Here, mlflow.log_metric("accuracy", accuracy) records the final performance score.

Logging Metrics Over Time

Often, you'll want to track how a metric changes during training, for example, the loss after each epoch. The step argument is designed for this.

Consider a simplified training loop where we simulate epoch-based training and log loss at each step:

import mlflow
import time
import random

# Start an MLflow run
with mlflow.start_run():
    mlflow.log_param("learning_rate", 0.01)
    mlflow.log_param("epochs", 5)

    print("Simulating training loop...")
    # Simulate training for several epochs
    initial_loss = 1.0
    for epoch in range(5):
        # Simulate training work
        time.sleep(0.5)
        # Calculate simulated loss (decreasing randomly)
        current_loss = initial_loss * (1 - random.uniform(0.1, 0.3))
        initial_loss = current_loss

        # Log loss metric for this epoch
        mlflow.log_metric("train_loss", current_loss, step=epoch)
        print(f"Epoch {epoch}: Logged train_loss={current_loss:.4f}")

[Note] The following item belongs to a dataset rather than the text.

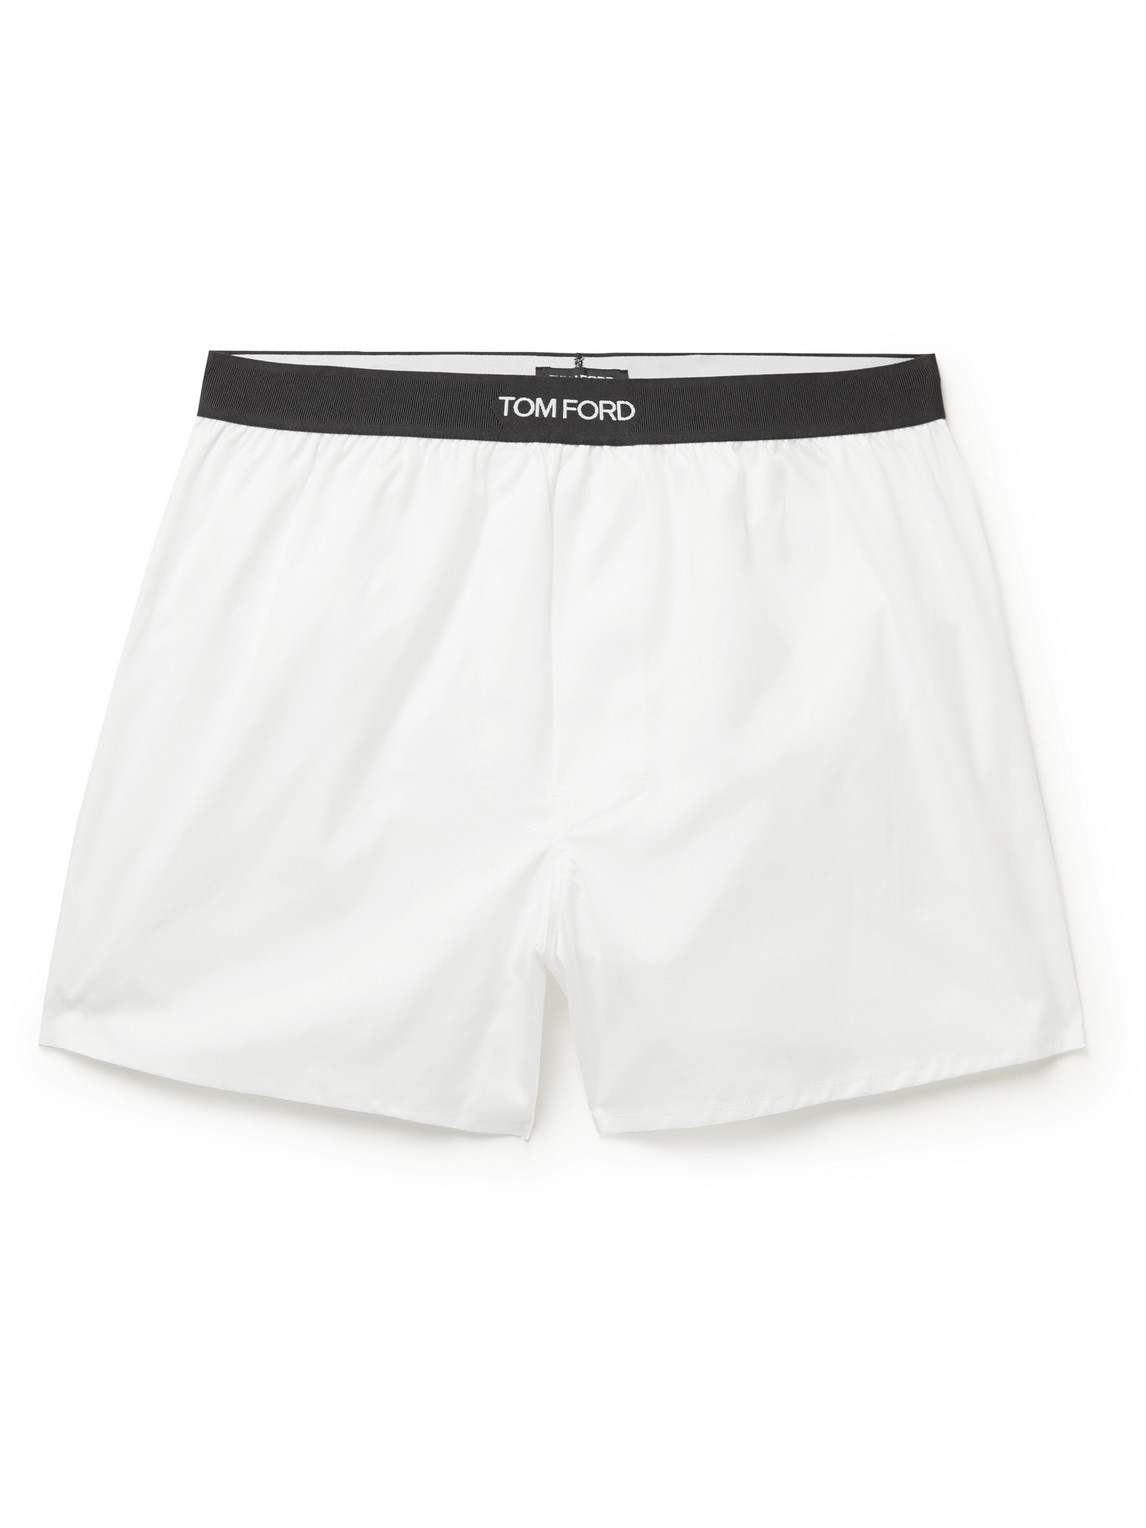 TOM FORD - Cotton Boxer Shorts - Men - White - XXL von TOM FORD

    # Log a final metric (e.g., validation accuracy)
    final_val_accuracy = 0.85 + random.uniform(-0.05, 0.05)
    mlflow.log_metric("validation_accuracy", final_val_accuracy)
    print(f"Final validation_accuracy={final_val_accuracy:.4f}")

print("MLflow run completed.")

In this example, mlflow.log_metric("train_loss", current_loss, step=epoch) logs the loss value for each epoch. When you view this run in the MLflow UI, you'll be able to see a plot showing how the training loss decreased over the epochs.

Example visualization of how training loss logged with steps might appear in the MLflow UI.

By consistently logging parameters and metrics, you create a detailed record of each experiment. This makes it significantly easier to understand what settings produced which results, compare different runs, and reproduce successful outcomes later. The information logged using these functions becomes the foundation for analyzing your experiments in the MLflow UI, which we will explore in subsequent sections.